The Art Deco lido was built in 1935 in response to a new enthusiasm for bathing for fun, rather than “taking the waters” purely for health reasons as was the case in early part of the 19th century.

The pool stayed open throughout the war years and was used as a communal bath house when the city’s water supplies were disrupted by the bombing.

It was packed to bursting point in the 1950s – a magnet for hordes of summer bathers and the new place to “see and be seen” after the wartime destruction of Plymouth pier. It hosted regular beauty pageants, was used to train many a Channel swimmer and provided the perfect backdrop for the unveiling of that shocking new fashion fad – the bikini!

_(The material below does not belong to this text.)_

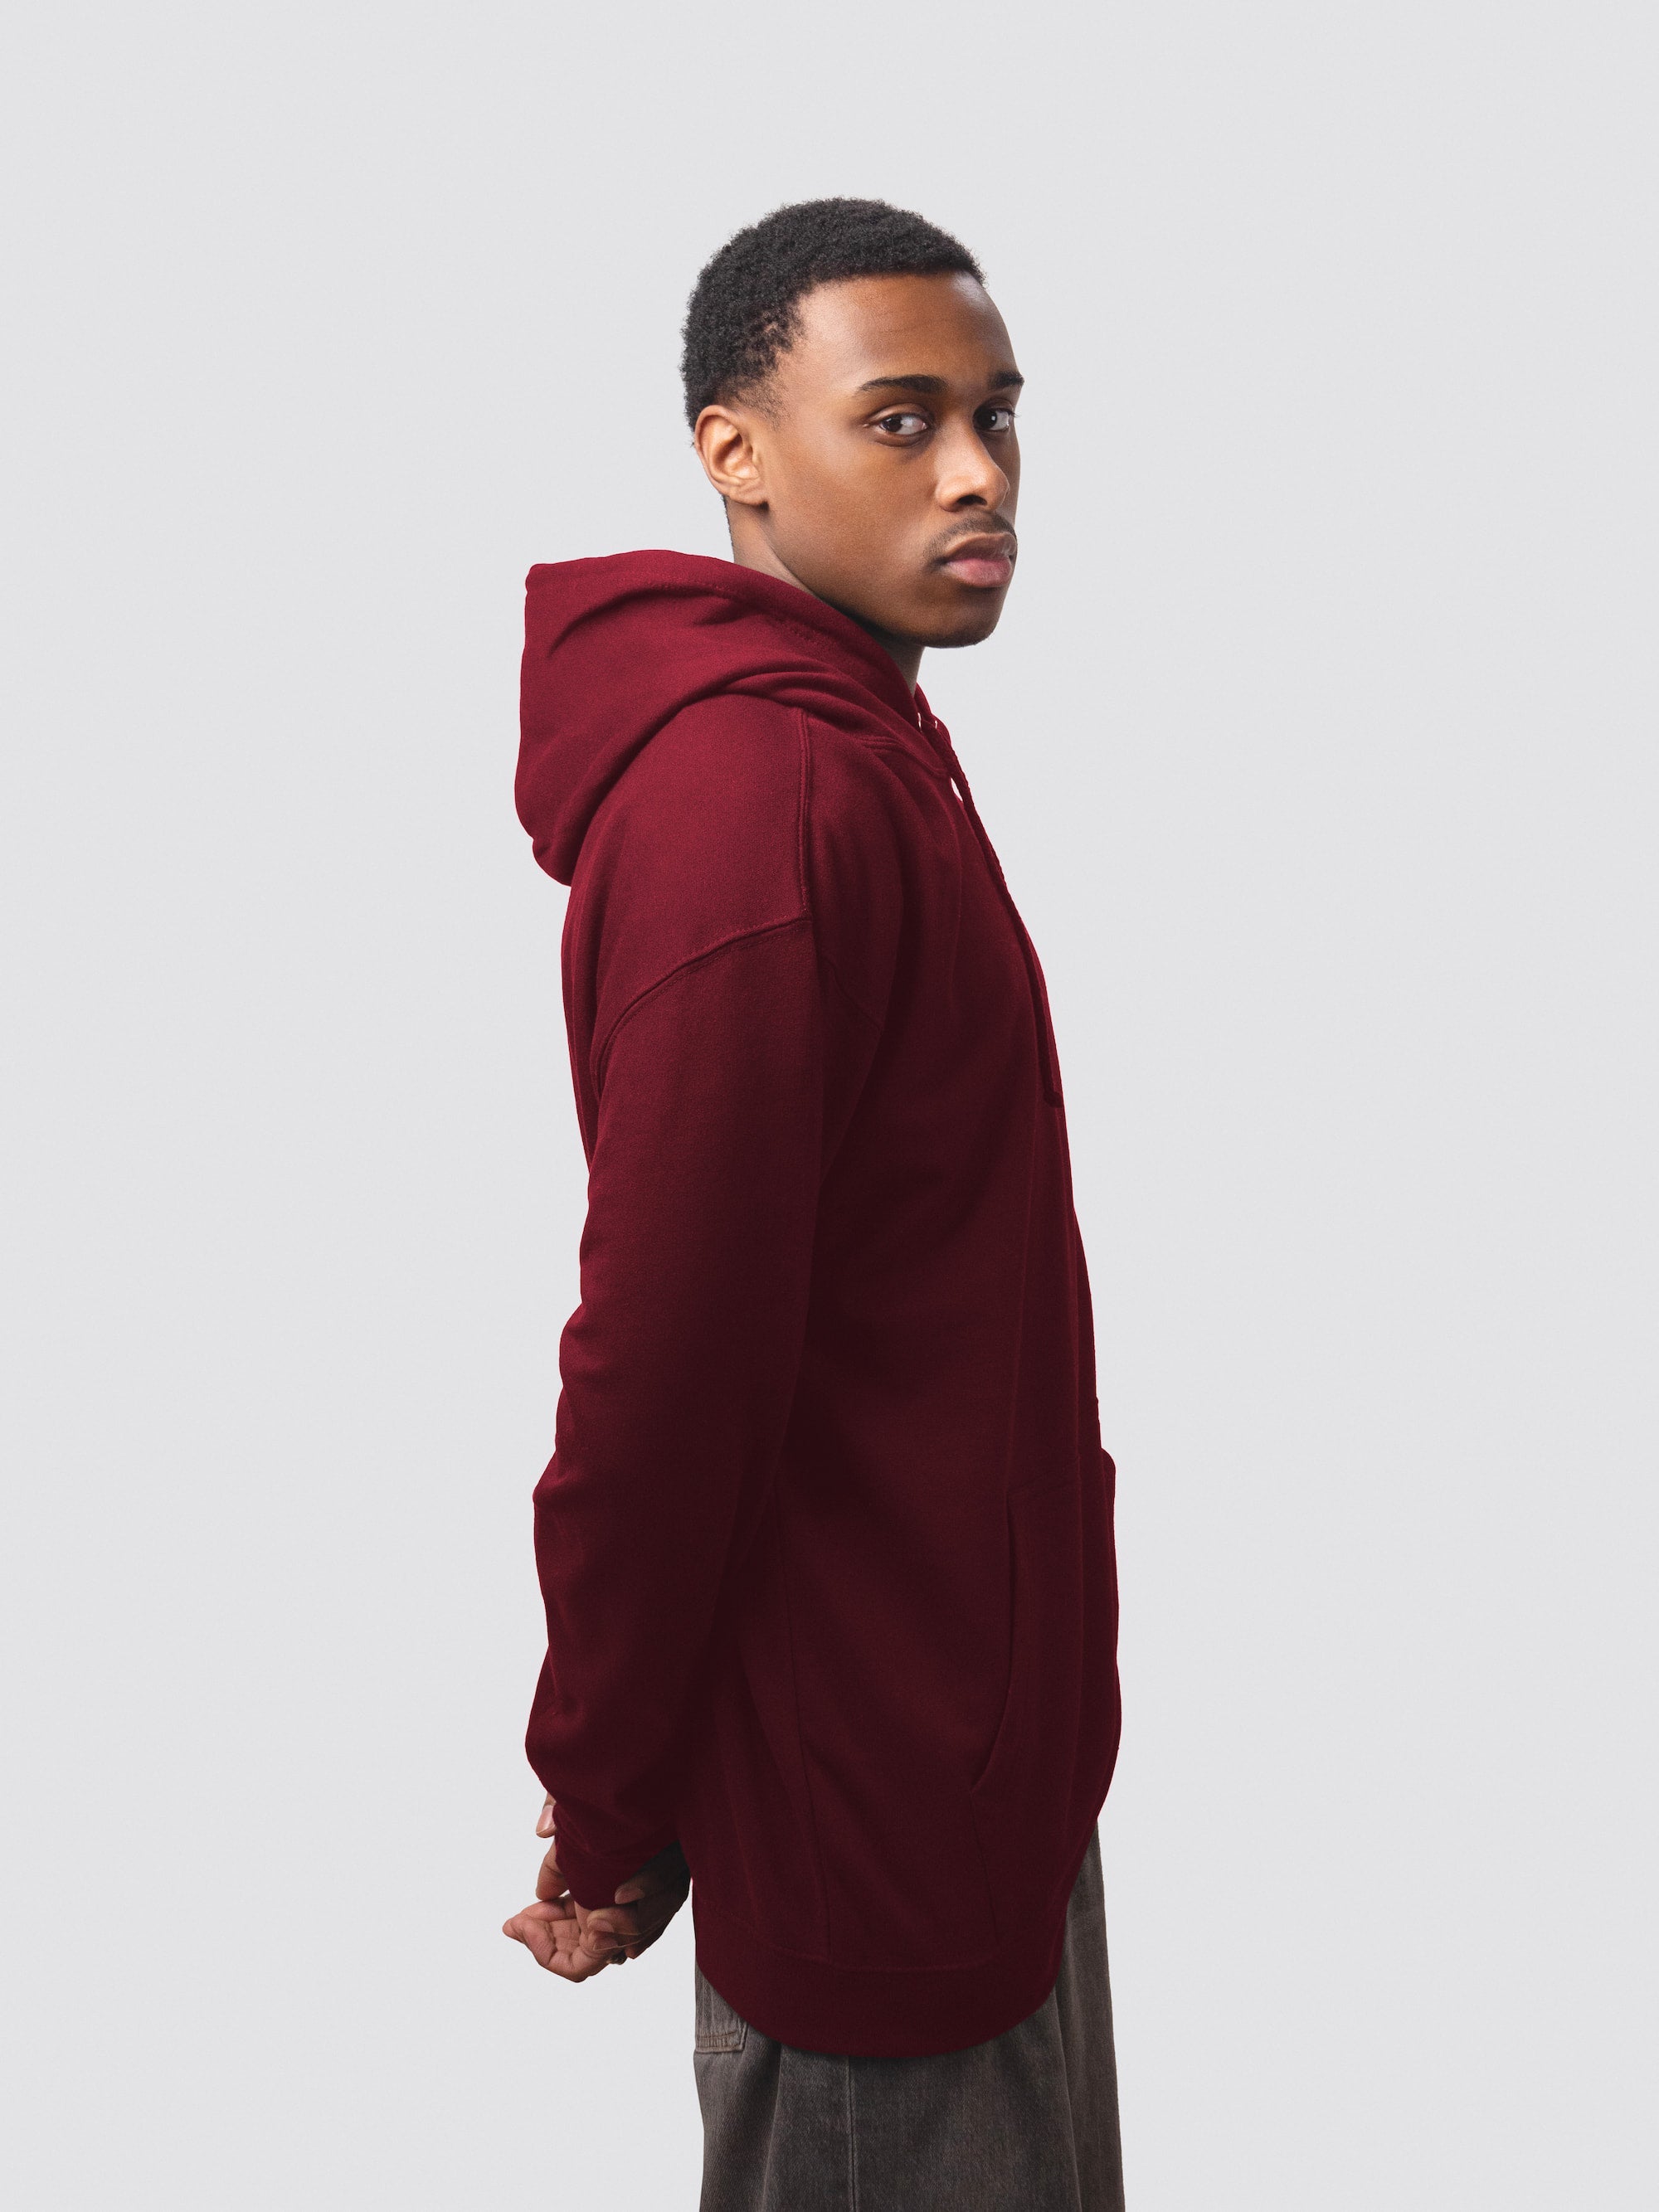 St Catherine's College hoodie, made from burgundy cotton-faced fabric

But lidos throughout the country lost their allure in the late 60s and throughout the 70s when the advent of cheap package holidays saw millions of holidaymakers abandon Britain’s bracing bathing waters, preferring instead to sizzle on the sun drenched beaches of the Mediterranean.

Tinside closed in 1992 and fell into a sorry state of disrepair. It remained closed for more than a decade, a forlorn reminder of a bygone age (when past times were simpler and bathing water was colder) until local campaigners succeeded in pressurising the city council into a multi-million-pound renovation.

It was given a Grade II listing in 1998 and is now once again the glittering jewel of Plymouth’s waterfront, regularly used for location shoots by national magazines and for live TV broadcasts.

Our world champion diver Tom Daley practised his craft as a boy on the nearby diving platforms (which have sadly been dismantled on ‘elf and safety grounds!) and did an Adidas photo shoot here just before heading off to the Beijing Olympics.

Actor Robson Green chose Tinside as the starting point for his rather wonderful Wild Swimming Adventure – an ITV series which saw him wild water swimming round Britain.

Now it’s open for everyone to enjoy between May and September and in 2011 the City Council even waived the entrance fee in a bid to boost its popularity. In this brave new world where many youngsters have no idea what it’s like to swim in British waters without a wet suit, the pool has rarely been full to capacity since it re-opened.

It’s a world away from those heady days of the 1950s, but there’s still something magical about swimming at Tinside. Where else on the planet can you better your breast stroke while enjoying the views of the sea, the Cornish countryside…and the occasional passing nuclear submarine?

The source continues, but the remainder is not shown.